Marcus Roberts is a very talented -- if very raw -- young musician, whose good fortune it was to capture the attention and goodwill of the all-powerful Wynton Marsalis. Roberts is one of the generation of young African-American jazz musicians who seems bent on forging the future by reinventing the past; his infatuation with older forms renders his music a pastiche of obsolete styles. Roberts is a gifted mimic, though his adoption of his idols' surface mannerisms does not penetrate to the essence of their art.
Roberts is without sight; he attended a school for the blind near his childhood home of Jacksonville, FL. He began playing piano in his youth, and studied the instrument at Florida State University in the mid-'80s. Roberts replaced Kenny Kirkland as Marsalis's pianist in 1985. He recorded as a sideman with the trumpeter through the rest of the decade and into the '90s, while at the same time making records under his own name for Columbia.
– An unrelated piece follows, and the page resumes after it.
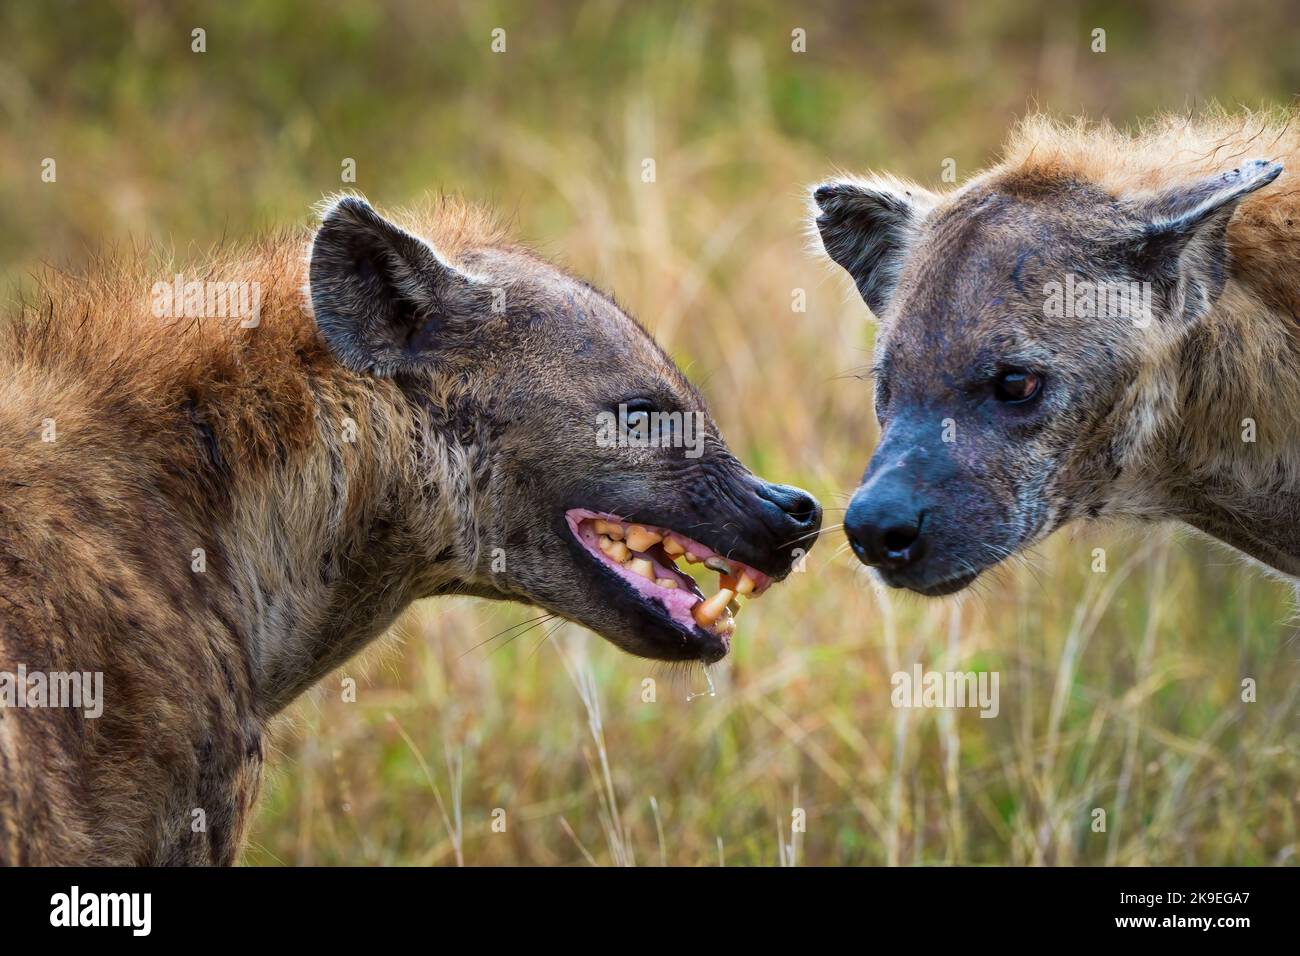 Spotted hyena or laughing hyena (Crocuta crocuta) showing submissive behaviour by flattening the ears and showing teeth. Mpumalanga. South Africa. Stock Photo

Roberts became Marsalis's aide de camp at Jazz at Lincoln Center, writing and arranging extensively for the house big band, and participating in most of the cultural center's activities variously as a composer, performer, or teacher. Roberts is an outspoken proponent of jazz traditionalism; he has little patience for styles of jazz that lie outside the narrow parameters set down by his mentors. His lack of interest in expanding jazz's creative possibilities causes his music to have a hermetic quality, which is unfortunate, because one gets the feeling by listening to his recent compositions that, were Roberts to broaden his horizons a bit, he might be capable of doing excellent work.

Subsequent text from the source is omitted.